L’antico filosofo Eraclito diceva che “Non si può entrare due volte nello stesso fiume”, ma alcuni greci oggi sembrano ignorare questo detto. Si tratta delle forze politiche che recentemente si sono staccate da SYRIZA e hanno annunciato la creazione di un nuovo partito, ”Unità Popolare” (UP). Il Segretario Generale del Comitato Centrale del KKE, Dimitris Koutsoumpas, in riferimento a questo sviluppo, ha sottolineato che “lo stesso scenario non deve esser ripetuto a spese del popolo. In ogni caso, il seguito è solitamente peggiore della pellicola originale”.

Il sistema ha usato la sua “riserva di sinistra”
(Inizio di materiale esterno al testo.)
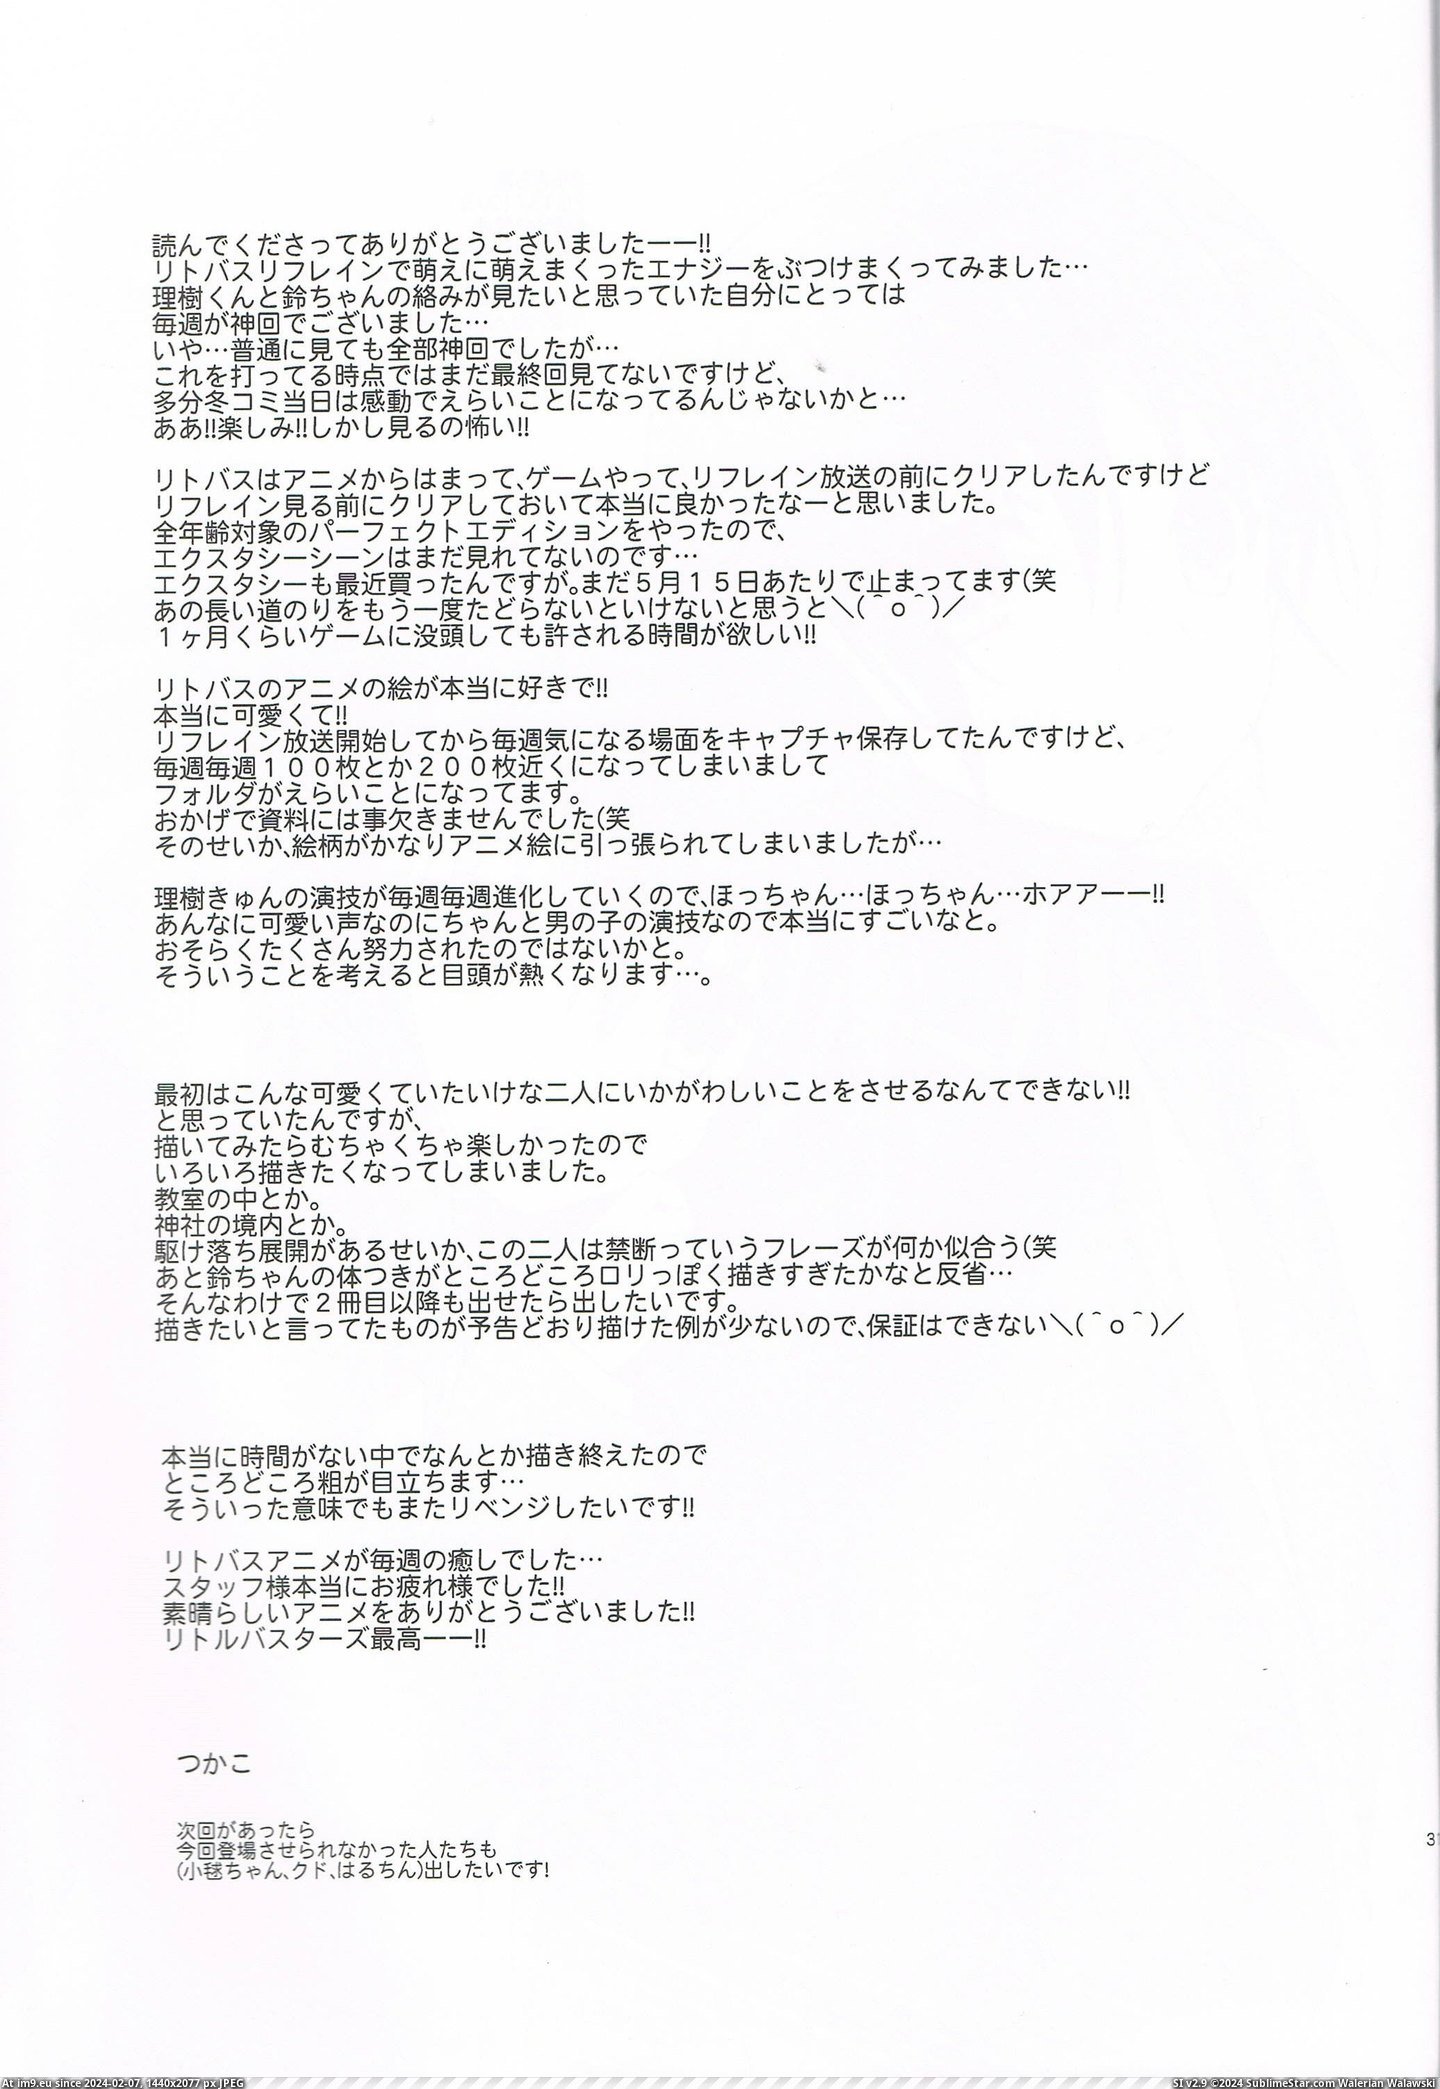 #Hentai #Busters #Saikou #Gallery [Hentai] Little Busters Saikou! (Little Busters Hentai Gallery) 62 Pic. (Image of album My r/HENTAI favs))

Per comprendere gli ultimi sviluppi politici in Grecia, vale la pena ricordare alcuni fatti sulla storia di SYRIZA. SYRIZA è stata costituita come unione di distinti gruppi opportunisti, con SYNASPISMOS (SYN) come nucleo fondamentale, ossia le forze che lasciarono il KKE negli anni ’90, influenzati dalle idee di Gorbaciov, dopo che avevano cercato, senza successo, di socialdemocratizzare e auto-liquidare organizzativamente il KKE. A queste forze si aggiungessero quelle forze che in precedenza, nel 1968, avevano lasciato il KKE, sotto l’influenza della corrente opportunista eurocomunista.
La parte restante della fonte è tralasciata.